The elements at the bottom of the periodic table are rare and could well be monopolized by China. Maybe it might be time to adjust your investment portfolio.
November 18th, 2009
November 18th, 2009
China’s monopoly on rare earth metals could choke economies across the world.
Cast your eyes down to the lower reaches of the periodic table, and you find a row of exotic-sounding elements that you probably never got to in chemistry lessons. Here lie 17 elements known as rare earth metals, a group consisting of lanthanides (atomic numbers 57-71), scandium (21) and yttrium (39)—the latter owing its name to the similarly unpronounceable Swedish town where it was discovered in the late 18th century. Yet rare elements are not quite as unusual as their names might suggest. In fact, they are everywhere: in your mobile phone, hard disk drive, iPod headphones, plasma television, and hundreds of other electronic and industrial products. And now their supply is under threat.
Global demand for these metals has more than doubled over the past decade, as ever more devices make use of their unique properties. Rare earth phosphors in your television screen make the colours bright, while super-strong rare earth magnets allow electric motors to be compact enough to fit in a car, and headphones small enough to fit in your ear. Japan manufactures many of these goods and is the world’s biggest importer of the metals. The car giant Toyota aims to sell around 1m hybrid cars a year from 2010—a huge jump if you consider that it has sold 2m hybrids in total since 1997. With several kilograms of rare earth metals in each hybrid car, Toyota, Honda and other car-makers will have to stock up to avoid bottlenecks.
The problem is that there is only one seller: China, with 95 per cent of the world’s supply. Not only does China dominate the production of rare earths, it also leads the field in extraction. That means, for example, that when Japan buys rare earth minerals from countries other than China, it still has to pay Chinese factories to extract the pure metal. All of this wouldn’t be an issue if China was keen to sell. But, increasingly, it isn’t. Beijing has cut export quotas steadily, from 48,500 tonnes in 2004 to 31,310 tonnes in 2009. And in August, China proposed capping rare earth exports at 35,000 tonnes for each of the next six years; barely enough to satisfy the current Japanese market, let alone the world. Even worse for companies like Toyota, China is planning to entirely phase out some forms of dysprosium, a vital component in the magnets of electric car motors. Without dysprosium, the magnets won’t work at high temperatures, meaning in theory that your hybrid car could stop dead as you hit the motorway. Prices of the metals were rising fast before the global recession—a kilo of dysprosium hit $120 in 2007, up from $35 in 2004—and have started their rapid climb again following China’s announcement.
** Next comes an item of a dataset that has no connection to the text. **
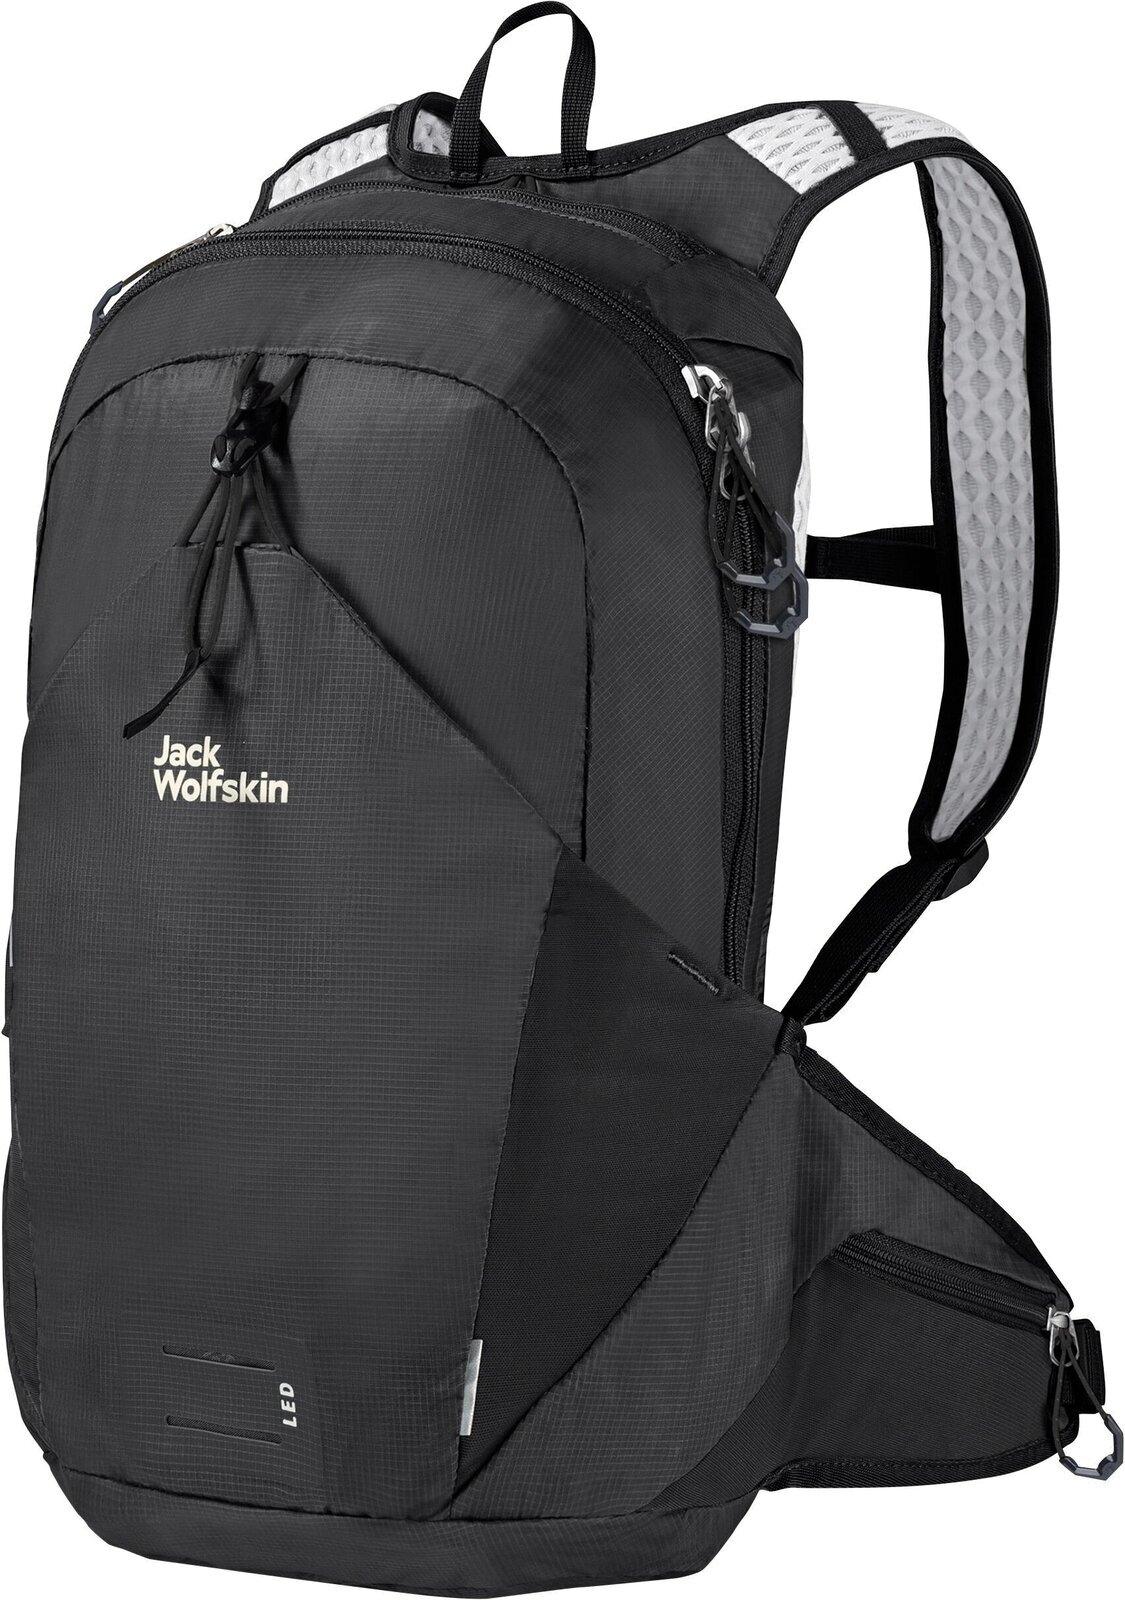 Outdoor Backpack Jack Wolfskin Moab Jam 16 Black One Size Outdoor Backpack

So what is going on? China certainly isn’t running out; it has the metals in abundance. Rather, as Shigeo Nakamura, head of the trading company Advanced Metals Japan, told me, China has a new strategy to boost its own high-tech manufacturing sector. Chinese companies stand to make handy profits by making and selling components that use the metals (like electric car motors), instead of simply selling the raw material. Such moves have already brought a chorus of corporate complaints, and the recently elected Japanese government even made securing rare metal supply a manifesto pledge. China’s response so far has been to claim that because it has such large reserves it must restrict exports, or the market would flood and global prices would fall. Unconvinced, the US and EU have already asked the WTO to investigate.
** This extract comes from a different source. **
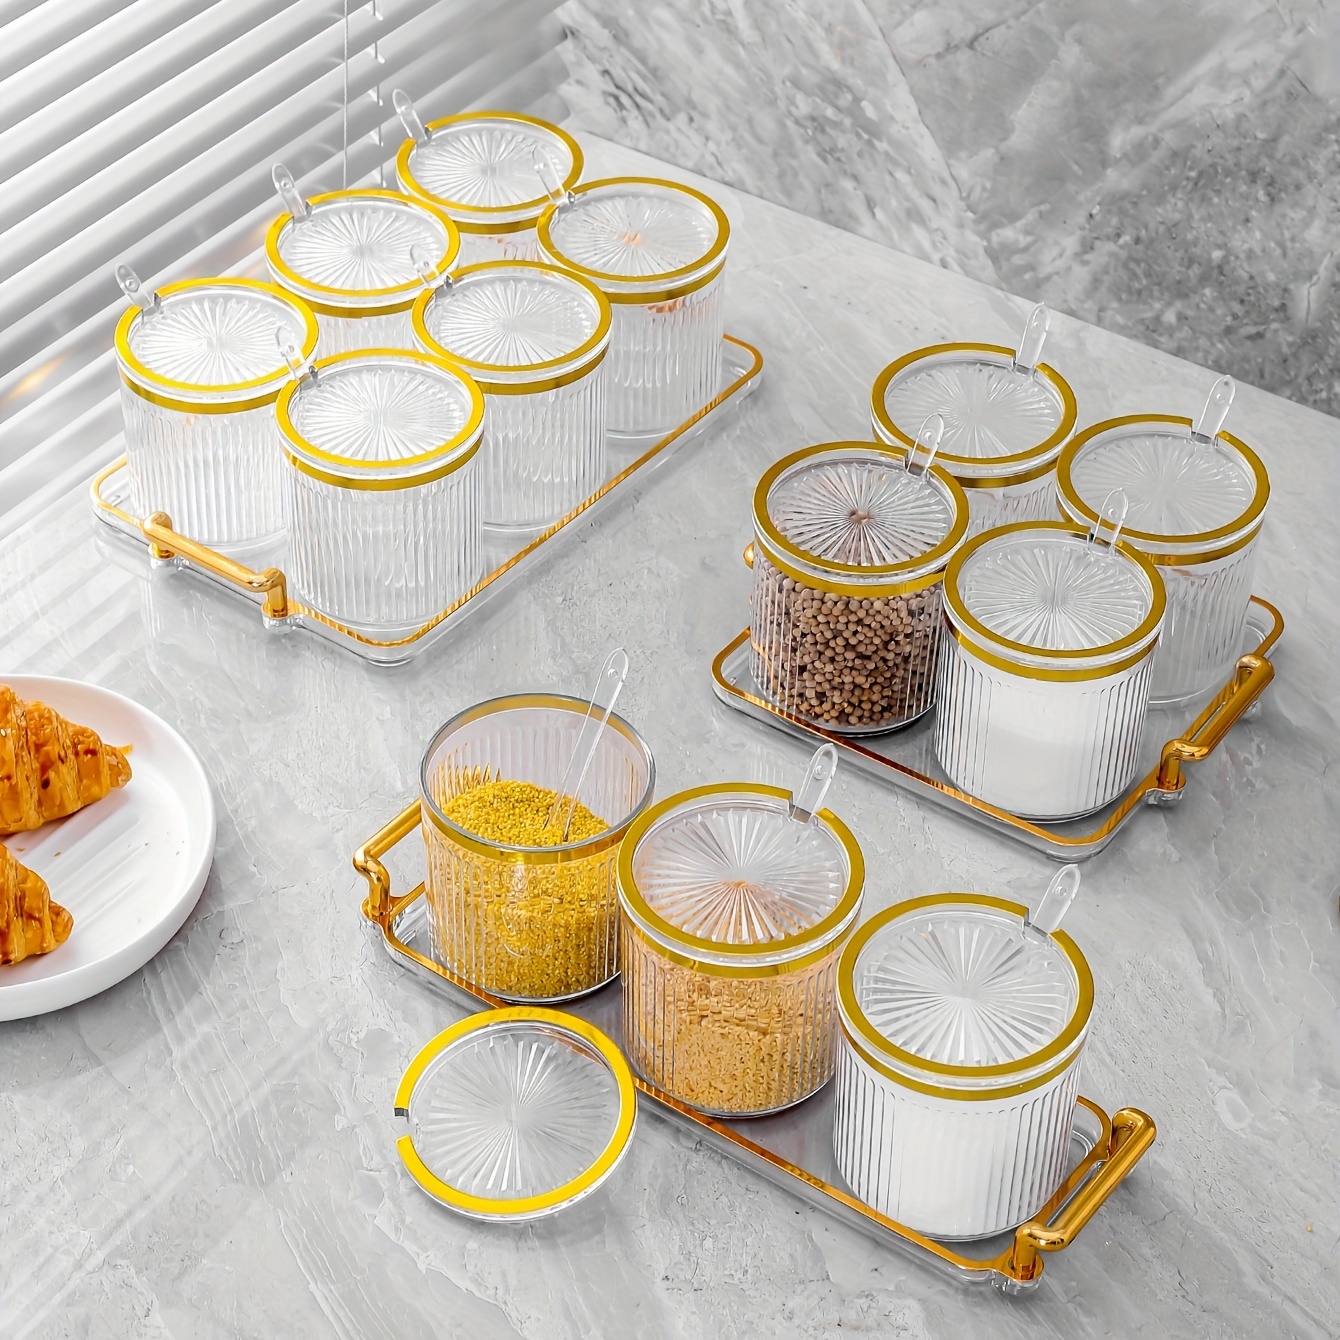 1set 300ml Kitchen Glass Jar Set For Salt, Sugar And Other Spices

This economic gamesmanship is forcing developed countries to mimic China’s own aggressive courtship of mineral-rich African regimes: Jogmec, a Japanese body charged with securing stable resources for Japan’s industry, has already struck deals with several African countries, most recently Botswana, to develop new mines. Western companies, meanwhile, are looking anew at old assets. In California, the mining company Molycorp has reopened its Mountain Pass mine, one of the world’s richest until Chinese competition put it out of business in 2002. Yet even these efforts are unlikely to head off a bout of national panic buying. Japan has an emergency stockpile of rare metals used in steel products, and plans to increase its stock of others. But such measures won’t relieve pressure on manufacturers outside China if the cost of rare earths continues to rise; they may be faced with a stark choice of hiking up their own prices, or relocating to the People’s Republic. Senior government advisors in Britain draw a blank when asked about this scenario. Britain may not have a manufacturing sector the size of Japan’s, but the consequences of a trade monopoly in rare earths would still be disastrous.
There is no viable rare earth substitute. Other metals have been tested, but they don’t work. Scientists have had some success in reducing the amount of rare earths needed in products, but not enough. Efforts being made to reuse and recycle the many tonnes of rare earth metals currently thrown away (in discarded mobile phones, hard drives, and so on) are unlikely to make a difference on their own. Even if any of these initiatives do eventually succeed, new mines still take years to build, and new scientific techniques take just as long to be adapted for commercial use. China’s former leader Deng Xiaoping once noted that “while the middle east has its oil, China has rare earths.” His words may be even more prescient than he realised.